In simple words: For (i) and (ii), use the direct formulas for \( a^3+b^3 \) or \( x^3+1/x^3 \). For (iii) and (iv), you first need to find a simpler expression like \( x-1/x \) or \( x+1/(5x) \) by squaring the given information. Remember to account for both positive and negative square roots in intermediate steps, as this can lead to multiple final answers.
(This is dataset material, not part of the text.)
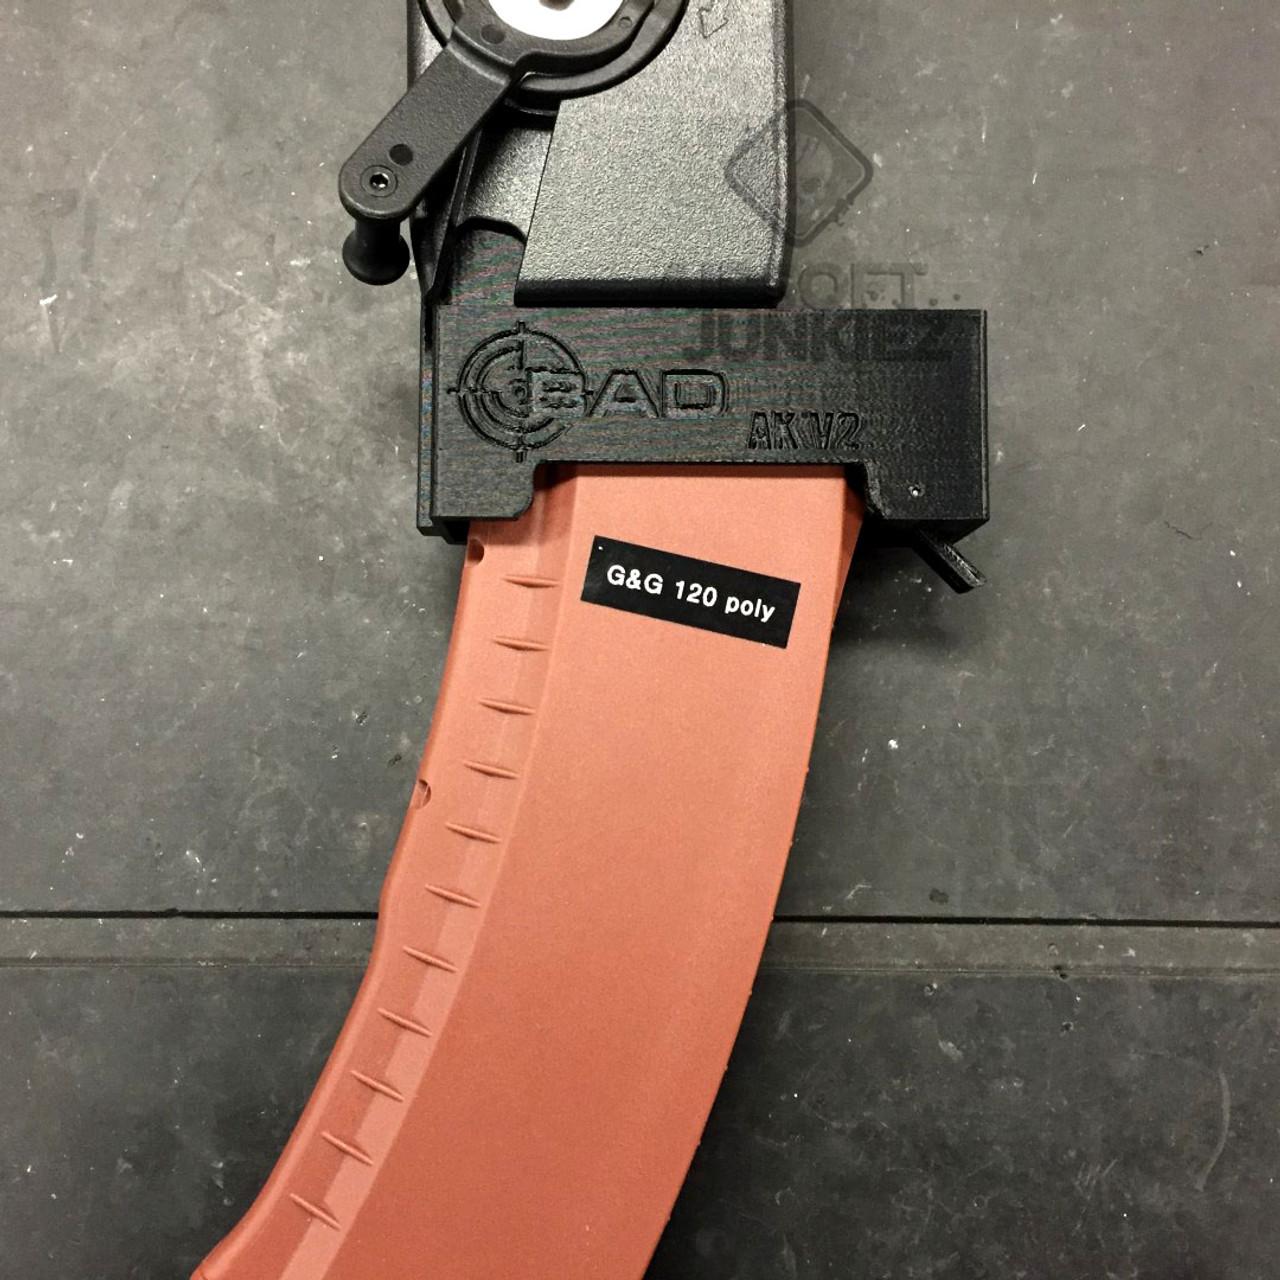 Bingo Airsoft Designs - Odin Innovations M12 Speed Loader Adapter for AK V4

🎯 Exam Tip: For problems like (iii) and (iv) where you take square roots during intermediate steps, always consider both positive and negative values. This will lead to two possible final answers for expressions like \( x^3 - \frac{1}{x^3} \) or \( x^3 + \frac{1}{125x^3} \). Be careful with mixed fractions, convert them to improper fractions first.

Question 5. Evaluate:
(i) \( 102 \times 98 \)
(ii) \( 1003^2 - 997^2 \)
(iii) \( (10)^3 - (5)^3 - (5)^3 \)
Answer:
(i) We need to evaluate \( 102 \times 98 \).
We can write this as \( (100+2)(100-2) \).
This matches the algebraic identity \( (a+b)(a-b) = a^2 - b^2 \).
Here, \( a=100 \) and \( b=2 \).
So, \( (100)^2 - (2)^2 \)
\( = 10000 - 4 \)
\( = 9996 \)
This method makes multiplying numbers close to a round figure much easier.
(ii) We need to evaluate \( 1003^2 - 997^2 \).
This matches the algebraic identity \( a^2 - b^2 = (a+b)(a-b) \).
Here, \( a=1003 \) and \( b=997 \).
So, \( (1003 + 997)(1003 - 997) \)
First, calculate the sum and difference:
\( 1003 + 997 = 2000 \)
\( 1003 - 997 = 6 \)
Now, multiply these results:
\( = 2000 \times 6 \)
\( = 12000 \)
Using the identity simplifies this large squaring and subtraction problem into simple addition, subtraction, and multiplication.
(iii) We need to evaluate \( (10)^3 - (5)^3 - (5)^3 \).
We can rewrite this expression as \( (10)^3 + (-5)^3 + (-5)^3 \).
Let \( a = 10 \), \( b = -5 \), and \( c = -5 \).
First, check the sum \( a+b+c \):
\( a+b+c = 10 + (-5) + (-5) = 10 - 5 - 5 = 0 \)
There is an identity that states if \( a+b+c=0 \), then \( a^3+b^3+c^3 = 3abc \).
Using this identity:
\( (10)^3 + (-5)^3 + (-5)^3 = 3 \times 10 \times (-5) \times (-5) \)
\( = 3 \times 10 \times 25 \)
\( = 30 \times 25 \)
\( = 750 \)
This identity provides a very quick way to solve such cubic sums when the sum of the bases is zero.
In simple words: For (i) and (ii), use the difference of squares formula, \( (a^2-b^2) = (a+b)(a-b) \). This helps you avoid big calculations by turning squares into simple additions and subtractions. For (iii), if three numbers add up to zero, then the sum of their cubes is equal to three times their product.

🎯 Exam Tip: Always look for opportunities to apply algebraic identities. They simplify complex calculations greatly. Specifically, for sums of cubes where the terms add up to zero, remember the special identity \( a^3+b^3+c^3=3abc \).